# Problem 2 - Automated Feature Engineering

## 2.1

**Answer:**

Interpretability and explainability are vital for building trust in machine learning models, ensuring their reliability, improving their performance, complying with regulatory standards, and making informed decisions based on their outputs.

- When models are interpretable, they are more transparent, making it easier for users to trust their predictions. Understanding how a model arrives at its conclusions builds confidence in its use, especially in critical applications like healthcare, finance, and legal decisions.
- An interpretable model allows developers and data scientists to identify and understand the model's decision-making process. This insight is crucial for diagnosing and fixing errors, biases, or overfitting in the model, leading to more robust and accurate models.
- In many industries, regulations require explanations for decisions made by automated systems, especially when these decisions impact human lives. Interpretability ensures compliance with such regulations and helps in maintaining ethical standards by avoiding unfair or discriminatory outcomes.
- In domains where the stakes are high, such as healthcare, finance, or security, decisions based on model predictions can have significant consequences. Interpretability allows decision-makers to understand the rationale behind a model's prediction, enabling them to make informed decisions.

## 2.2

In [3]:
from sklearn.datasets import load_diabetes
from autofeat import FeatureSelector

# Load data
diabetes = load_diabetes()
X, y = diabetes.data, diabetes.target

In [6]:
import pandas as pd
fs = FeatureSelector(verbose=1)
new_X = fs.fit_transform(pd.DataFrame(X), pd.Series(y))

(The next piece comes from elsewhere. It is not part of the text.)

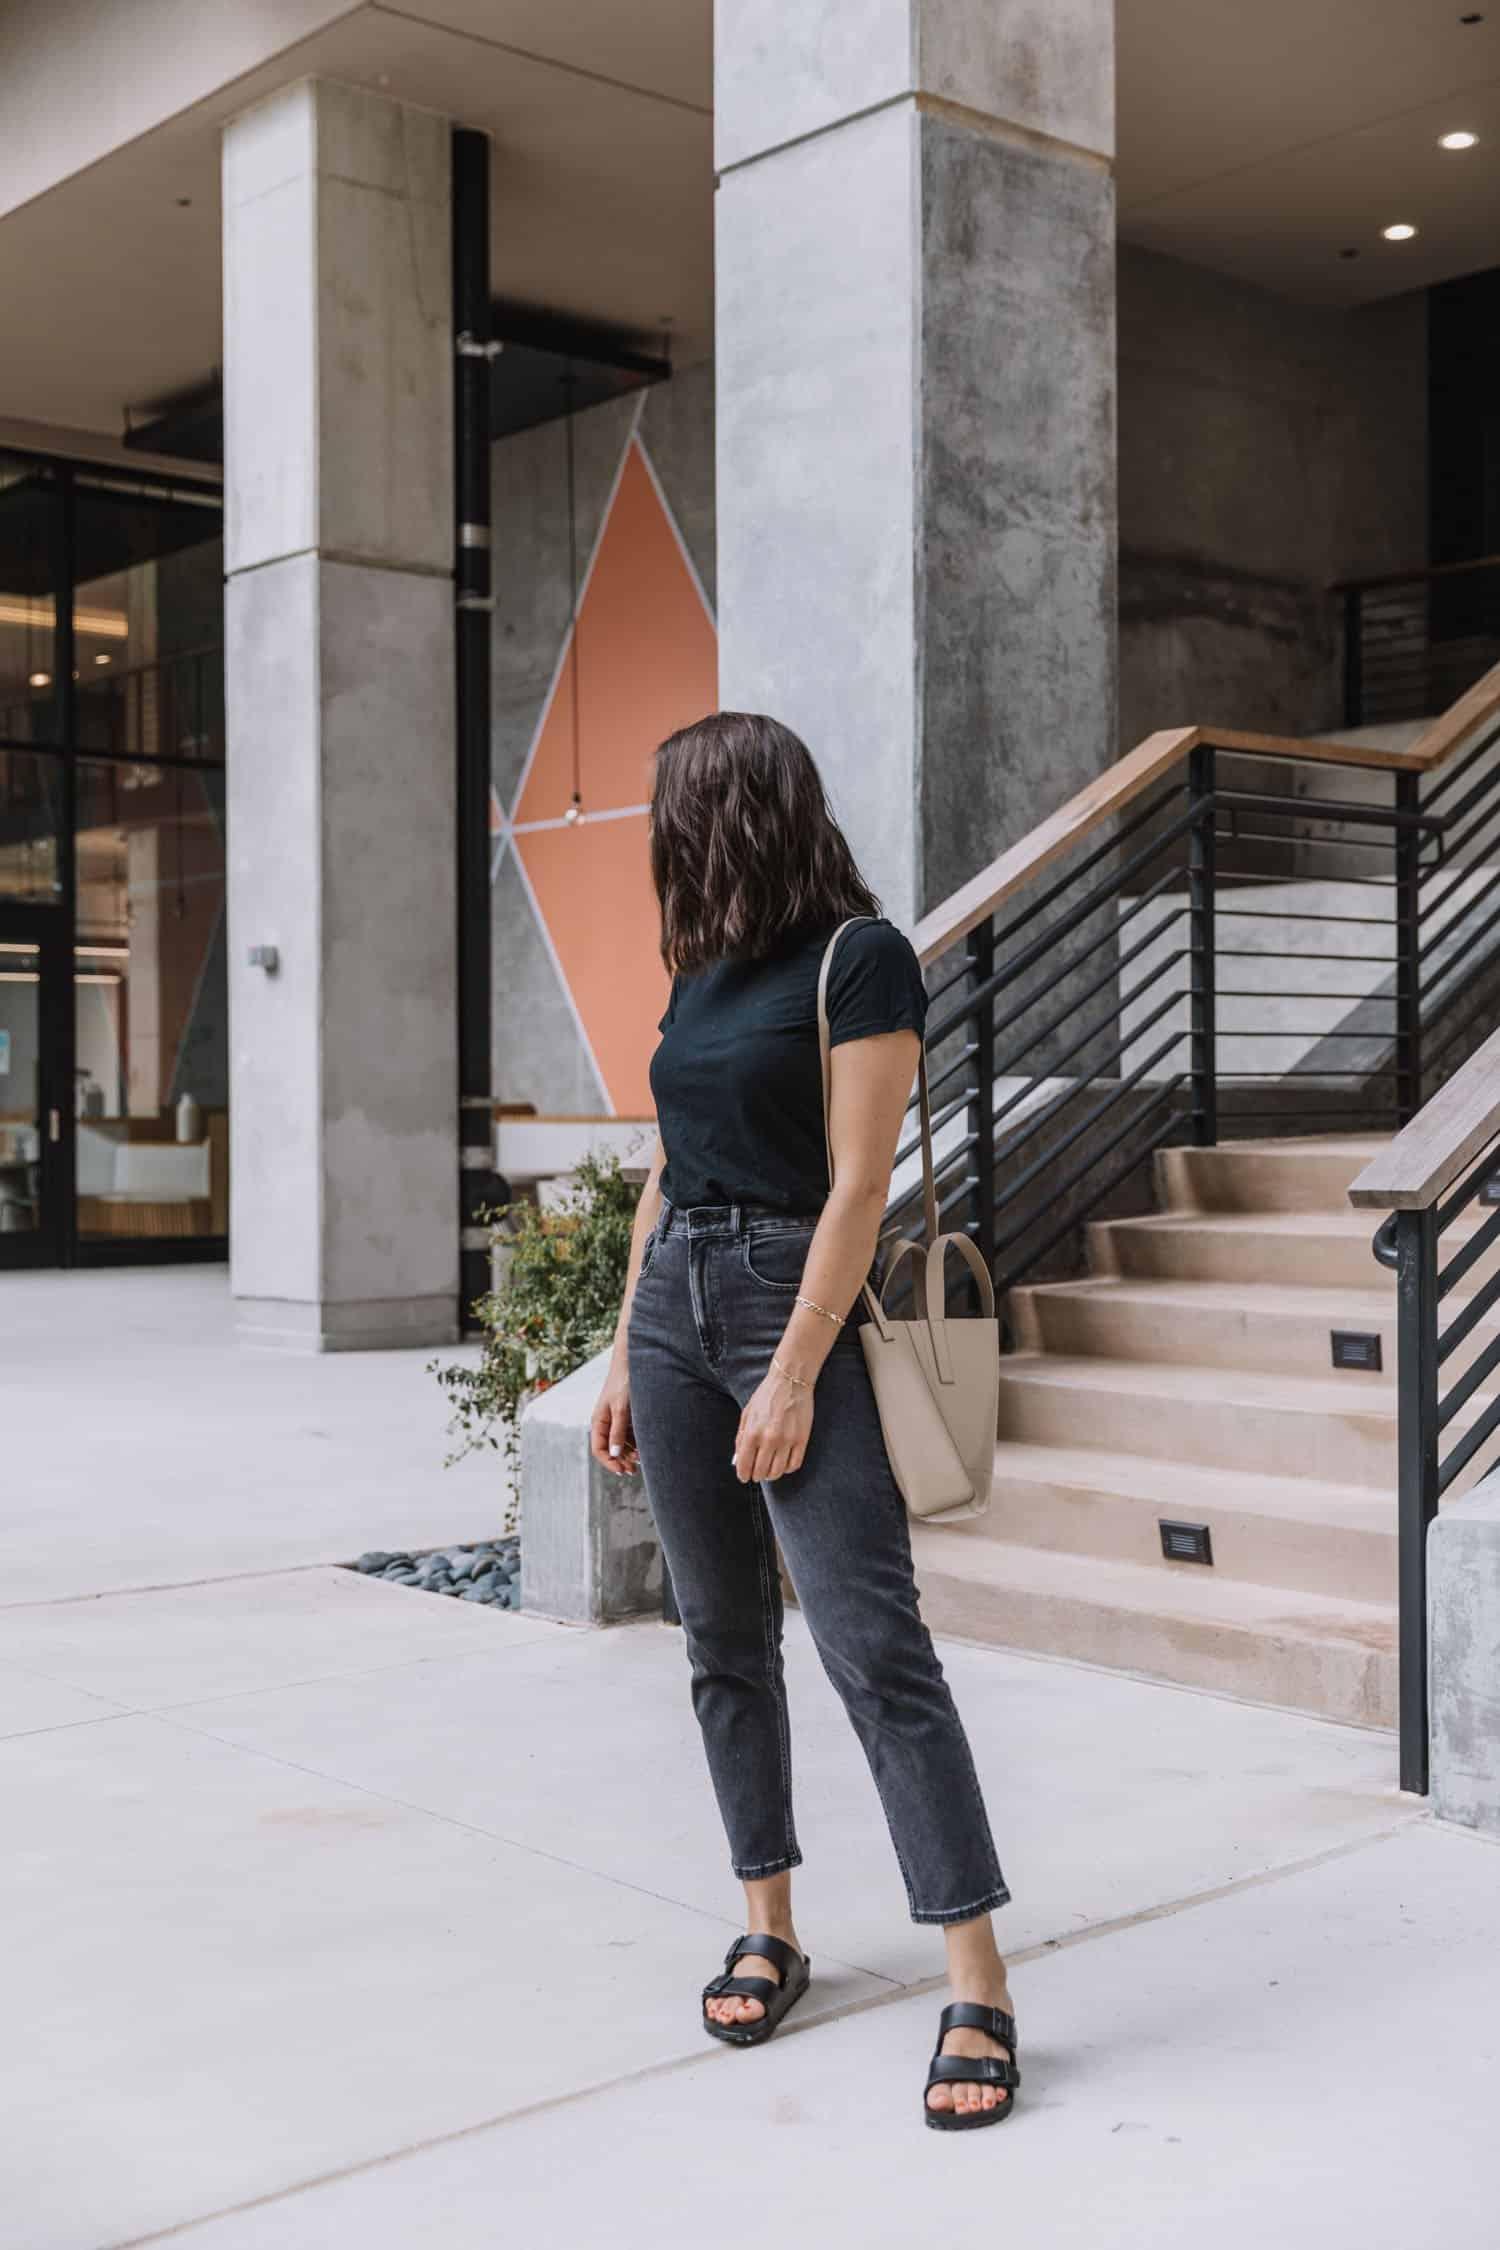 Jessica Camerata styles the Birkenstock EVA Arizona sandal with black jeans

# Check how many features were discarded
print("Original feature count:", X.shape[1])
print("Selected feature count:", new_X.shape[1])
discarded_features = X.shape[1] - new_X.shape[1]
print("Features discarded:", discarded_features)

[featsel] Scaling data...done.
Original feature count: 10
Selected feature count: 6
Features discarded: 4


## 2.3

In [7]:
from sklearn.model_selection import train_test_split
from sklearn.linear_model import LinearRegression
from sklearn.metrics import r2_score

# Split data
X_train, X_test, y_train, y_test = train_test_split(X, y, test_size=0.2, random_state=42)

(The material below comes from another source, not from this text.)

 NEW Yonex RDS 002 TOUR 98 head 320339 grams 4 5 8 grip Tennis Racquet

# Initialize and fit model
model = LinearRegression()
model.fit(X_train, y_train)

# R² score on training and test set
r2_train = model.score(X_train, y_train)
r2_test = model.score(X_test, y_test)
print("R^2 - training set:", r2_train)
print("R^2 - test set:", r2_test)

R^2 - training set: 0.5279193863361498
R^2 - test set: 0.4526027629719195


## 2.4

In [8]:
from autofeat import AutoFeatRegressor

# Initialize and fit AutoFeatRegressor
afreg = AutoFeatRegressor(verbose=1)
X_train_feat = afreg.fit_transform(X_train, y_train)
X_test_feat = afreg.transform(X_test)

# Fit the model and evaluate
model.fit(X_train_feat, y_train)

[featsel] Scaling data...done.


In [14]:
r2_train_feat = model.score(X_train_feat, y_train)
r2_test_feat = model.score(X_test_feat, y_test)
print("R^2 - training set:", r2_train_feat)
print("R^2 - test set:", r2_test_feat)

# New features generated
X_train_df = pd.DataFrame(X_train)
X_train_feat_df = pd.DataFrame(X_train_feat)

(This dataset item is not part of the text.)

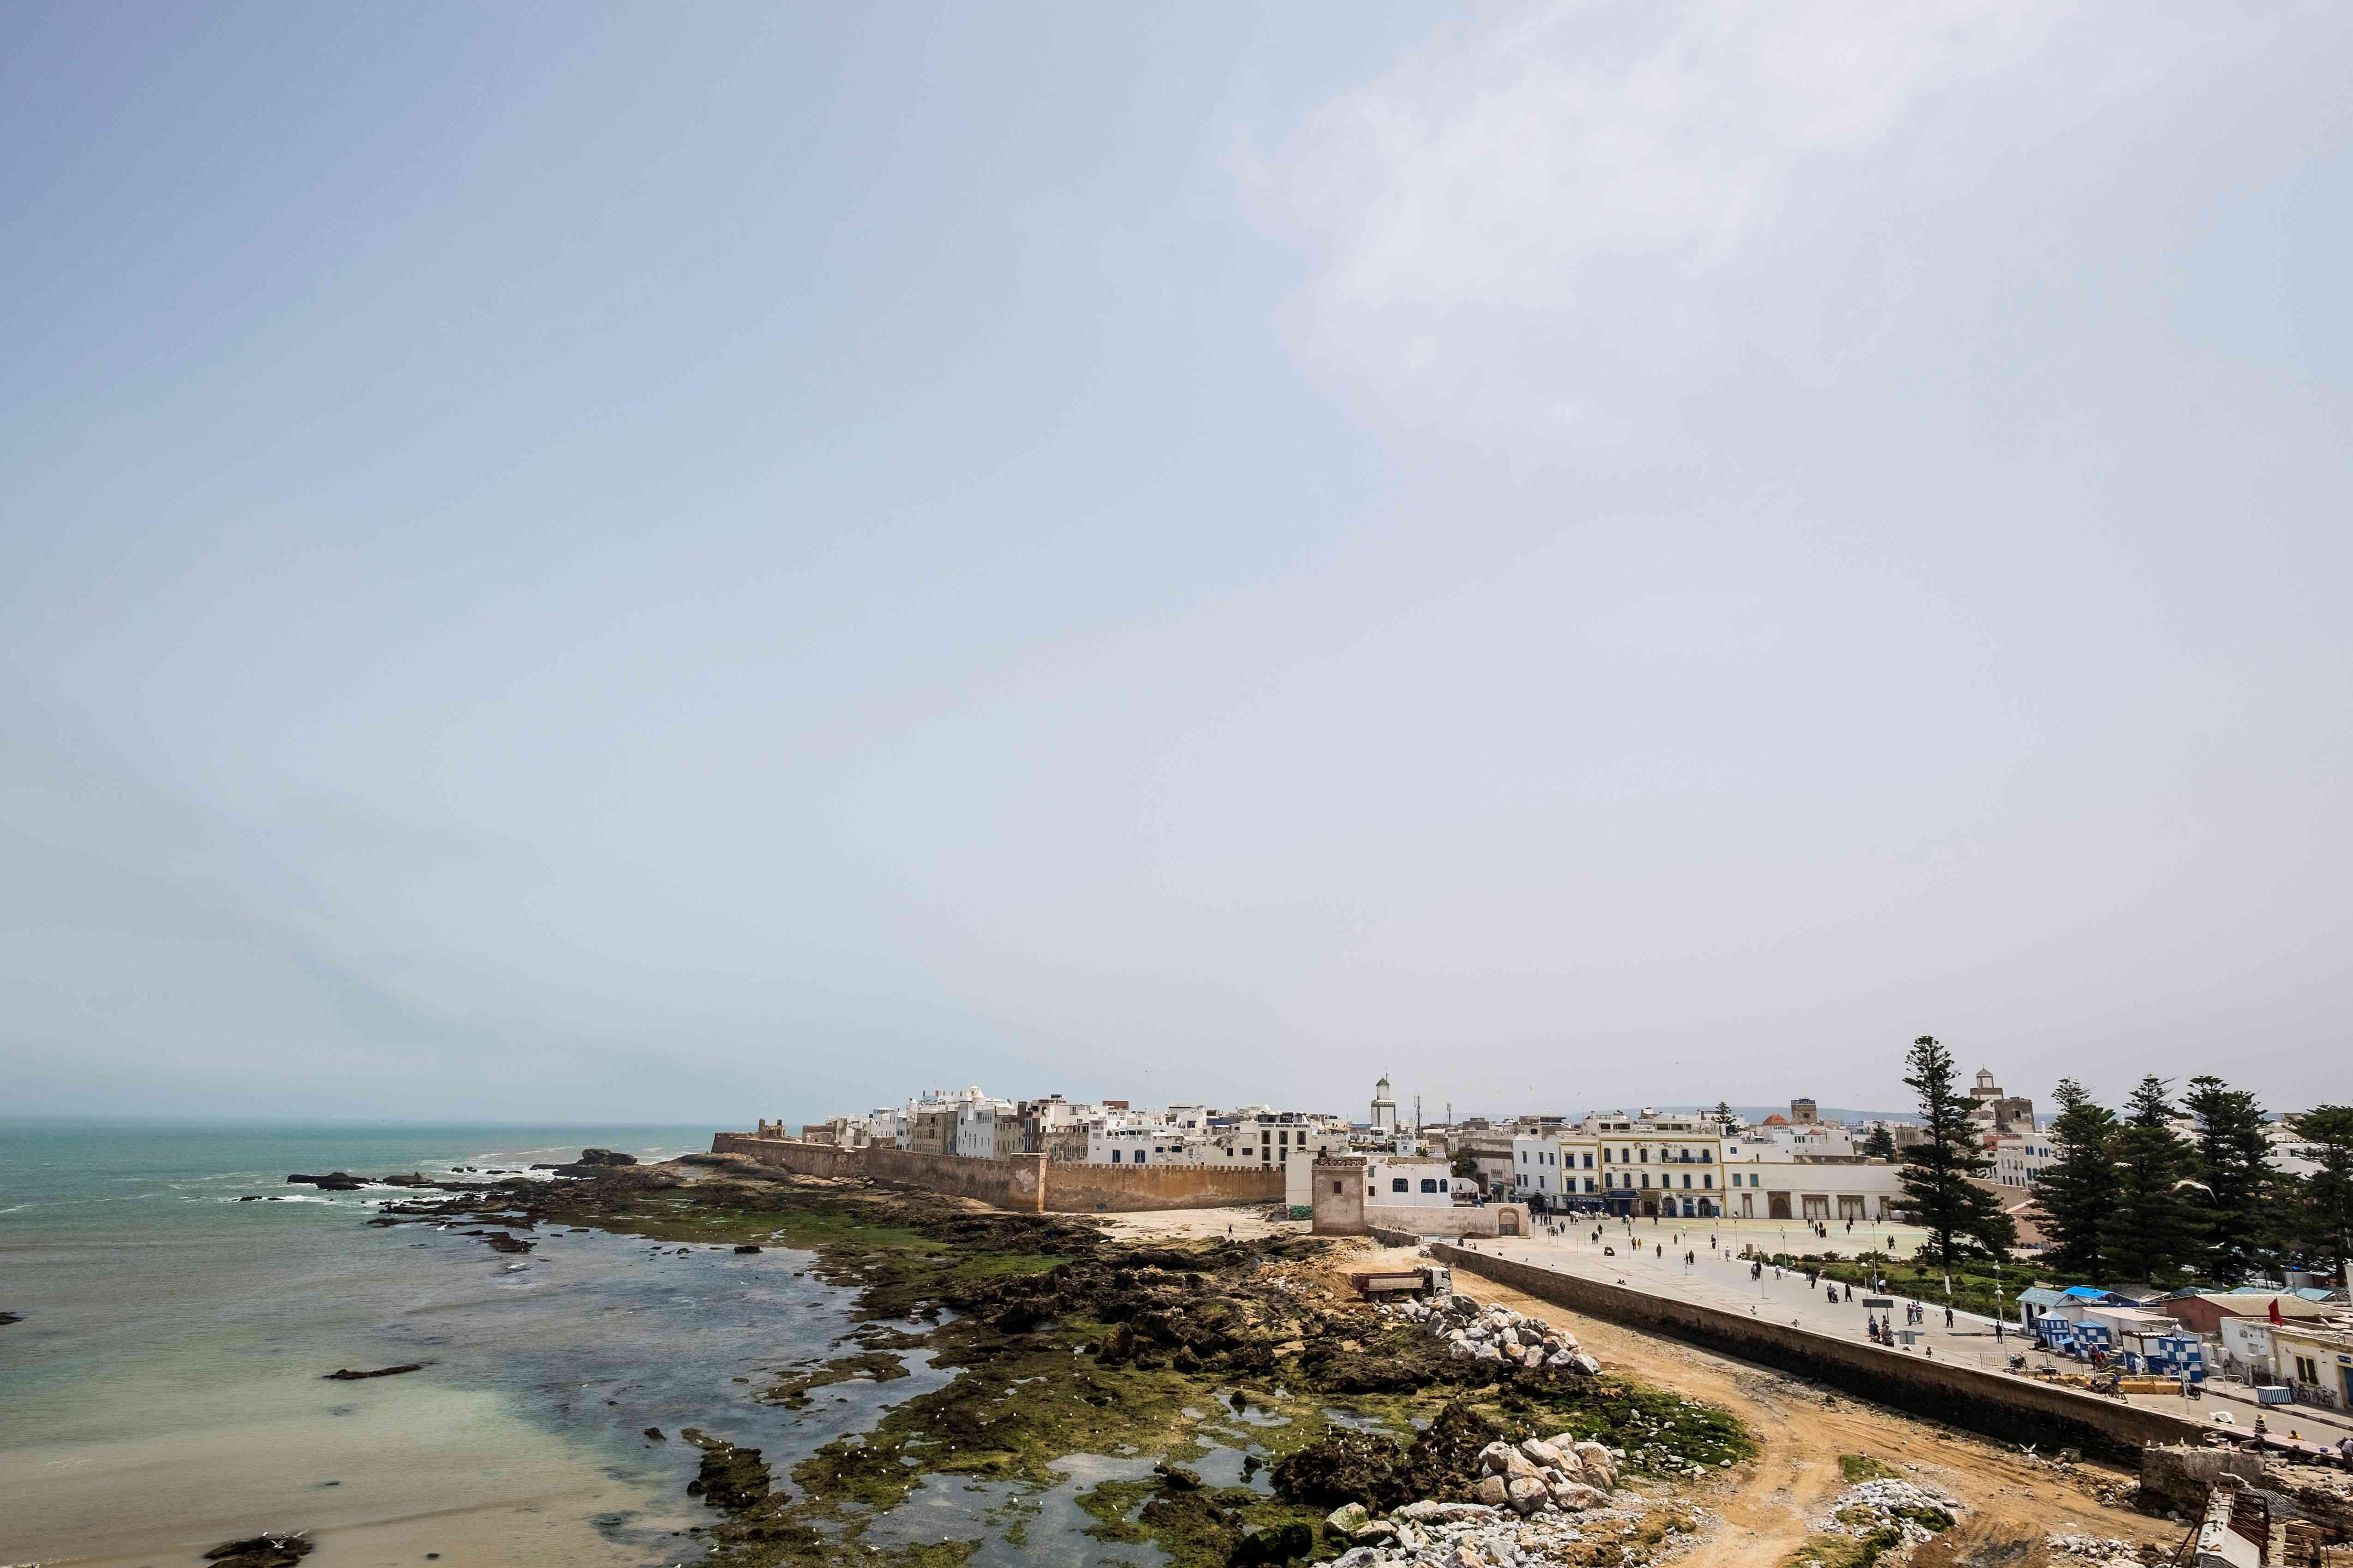 <p>A landscape view of Essaouira, a coastal town in Morocco.</p>

new_features = list(X_train_feat_df.columns[10:])
print("Five new features generated:", new_features[:5])

R^2 - training set: 0.5721579622952007
R^2 - test set: 0.5053018198487318
Five new features generated: ['x000**3*x001', 'Abs(x008)/x008', 'exp(x002)*exp(x008)', 'exp(x002)*exp(x003)', 'x002*x003']


**Answer:**

The updated output from AutoFeatRegressor reveals an improvement in both training and testing \( $R^2$ \) scores, suggesting that feature engineering has enhanced the model's fit. Specifically, the \( $R^2$ \) score for training data has risen to 0.57, a significant increase from the earlier value, and the \( $R^2$ \) score for test data has climbed to 0.51 from 0.45. Although this improvement suggests better model performance, it also raises concerns about overfitting, as evidenced by the widened gap between training and testing results. The added complexity from new features might be causing the model to not generalize effectively to new, unseen data.

The five new features listed above are essentially transformations of one or more original features. These transformations have helped in capturing more subtle aspects of our data. However, they also have the potential to lead to overfitting by adjusting not just to the underlying patterns but also to the noise present in the data.